Updated by bastyaelvtars about 18 years ago
On Thu, 04 Jan 2007 16:47:13 +0000
"Thomas E. Spanjaard" <tgen@netphreax.net> wrote:
Um, well, actually kernel_APICIO_1.JPG kernel_new1.JPG are the very first mesages that we saw (it showed an ifconfig output, and crashed right after). kernel_APICIO_2.JPG and kernel_new2.JPG were taken after entering 'trace' - kernel_APICIO_3.JPG shows that it does not make a dump for some reason with ACPI enabled, kernel_APICIO_4.JPG is just a better quality version of 3, kernel_APICIO_5.JPG shows the weird error message on booting (from before crash). kernel_new3.jpg is just a better quality version of 2. I don't know what else I should take a picture of. ;-)
Updated by bastyaelvtars about 18 years ago
On Thu, 4 Jan 2007 10:45:05 -0800 (PST)
Matthew Dillon <dillon@apollo.backplane.com> wrote:
Does this also explain why this problem occurs in SMP only?
Updated by bastyaelvtars about 18 years ago
On Fri, 5 Jan 2007 11:09:40 -0800 (PST)
Matthew Dillon <dillon@apollo.backplane.com> wrote:
The question is, does the commit just made to HEAD (not PREVIEW) fix
the panics?
Umm, I haven't yet had the time to try it out. I'll test this weekend.

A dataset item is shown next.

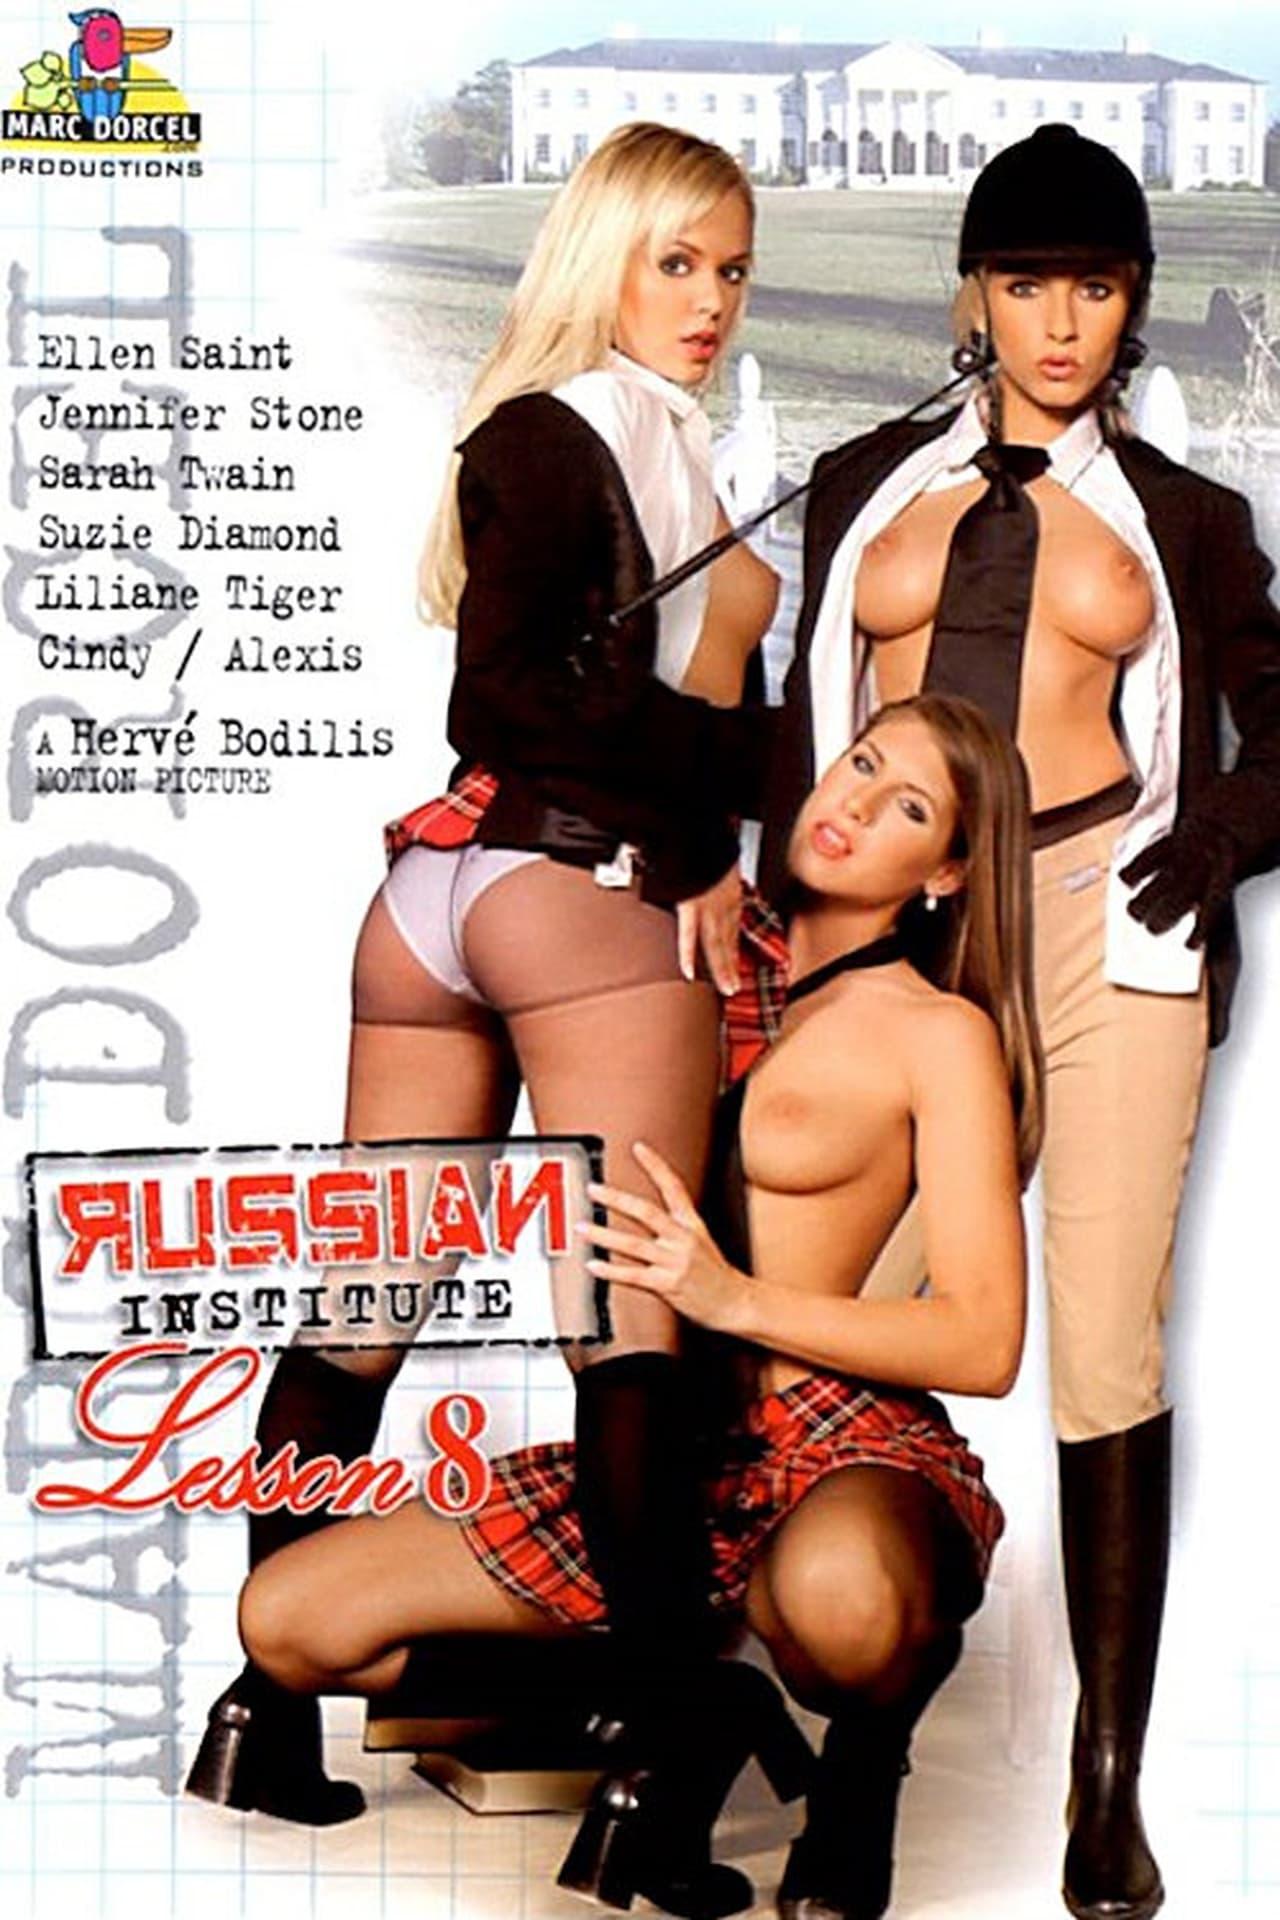 Russian Institute: Lesson 8

Updated by bastyaelvtars about 18 years ago
Updated to latest PREVIEW, nothing has changed. I'll try w/o APIC_IO, will send new dumps tomorrow, stay tuned. :-(
With UP it works.
Updated by justin almost 18 years ago
Updated by bastyaelvtars almost 18 years ago
I have put it into another SMP machine, built the kernel on top of a fresh PREVIEW installation from the source included on the cd, then rebooted and it crashed as expected. I hacked the sources in single user mode and it seems to work now, - at least it gets past the point where it used to crash.
Thanks to all! :-)